In February 2017, Weaver introduced a bill that would classify children born through artificial insemination as illegitimate, even if both parents are married and consent to the insemination. Weaver defended the bill in a subsequent Facebook post, claiming it was intended only to repeal a statute that the state Attorney General had deemed unconstitutional. However, in reviewing Weaver's argument, Snopes concluded that it rests on a "fairly significant misreading" of the Attorney General's views and existing Tennessee law. The bill did not pass.

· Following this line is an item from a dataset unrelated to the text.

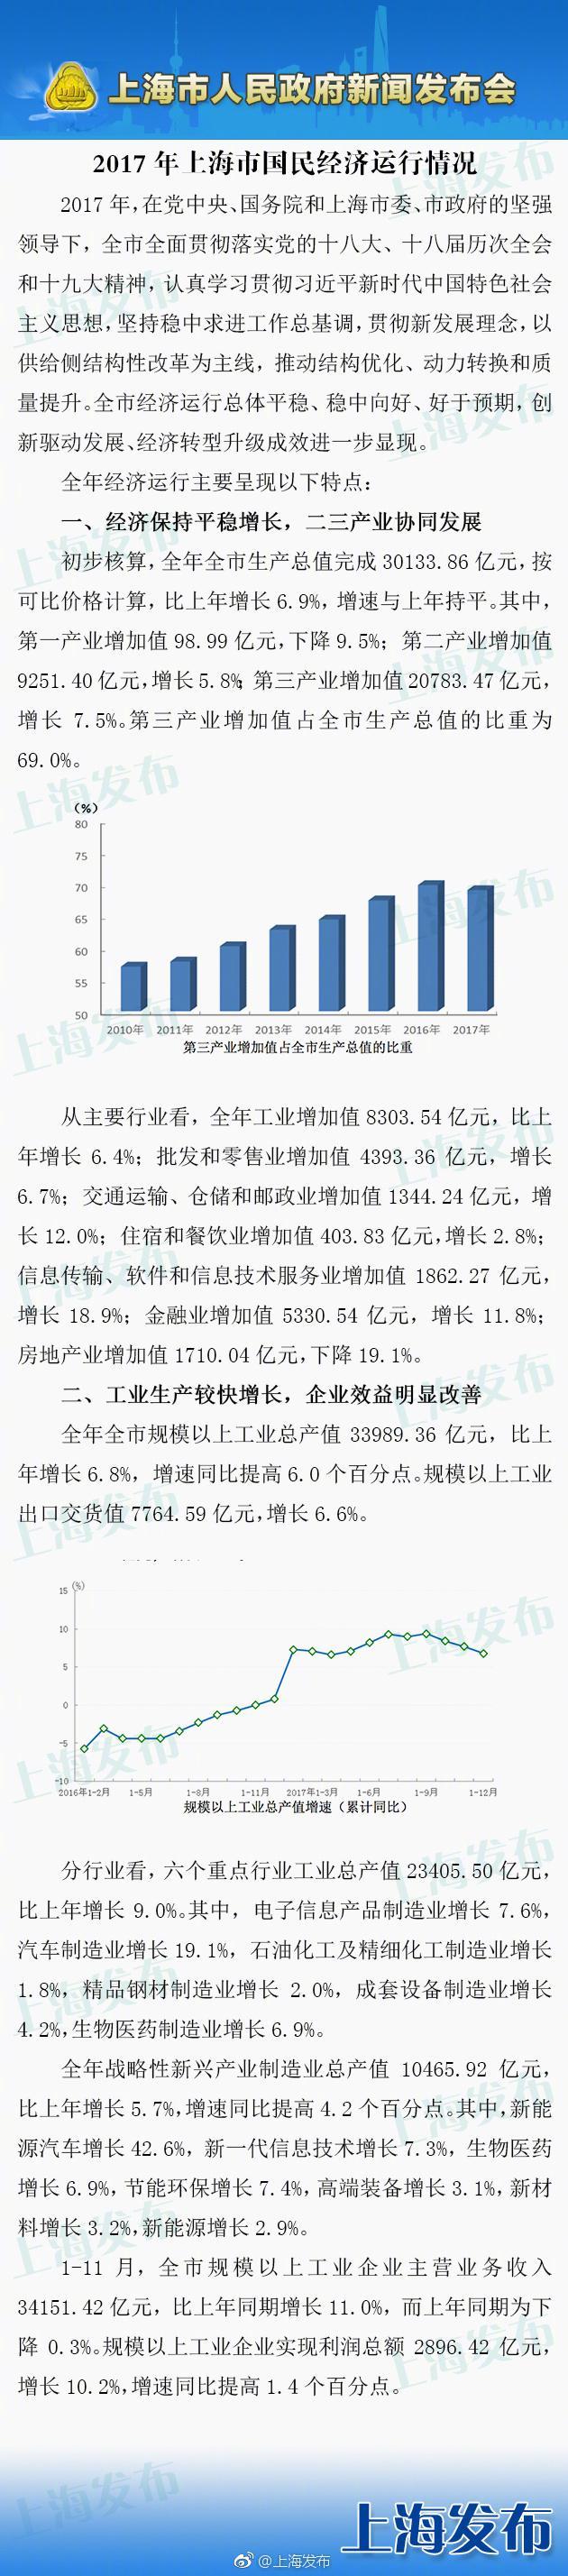 上海2017年GDP达30133亿元 比上年增长6.9%

Weaver served seven two-year terms as state representative. In the August 2022 Republican primary, she lost her reelection bid to political newcomer Michael Hale. Hale went on to win in the general election.

===2021 storming of the United States Capitol===
Weaver traveled to Washington, D.C., on January 6, 2021, to protest the results of the Electoral College. She attended the event that led to the 2021 storming of the US Capitol. She said that she was "in the thick of it" but "there wasn't any violence going on here." She did not state whether or not she had entered the Capitol. The United States Capitol was breached and the incident led to five deaths.

Weaver said that members of antifa stormed the U.S. Capitol. The FBI stated there is no evidence antifa was involved in the attacks. Later that night she said it had been an "epic and historic day." Weaver also referred to those who stormed the Capitol as "patriots".

==Community involvement==
Weaver was previously chairman of Farm Bureau and is currently Vice Chairman of the Smith County Republican Party and Chairman of Smith County Republican Women. She is also a member of the Smith County Chamber of Commerce, the local Rotary Club, and the National Rifle Association of America. Her musical talent lends her involvement as Chairman of the Lancaster Independence Day Parade and Host Musician of the Annual Christmas Eve Service. Weaver is a second lieutenant in the Tennessee State Guard.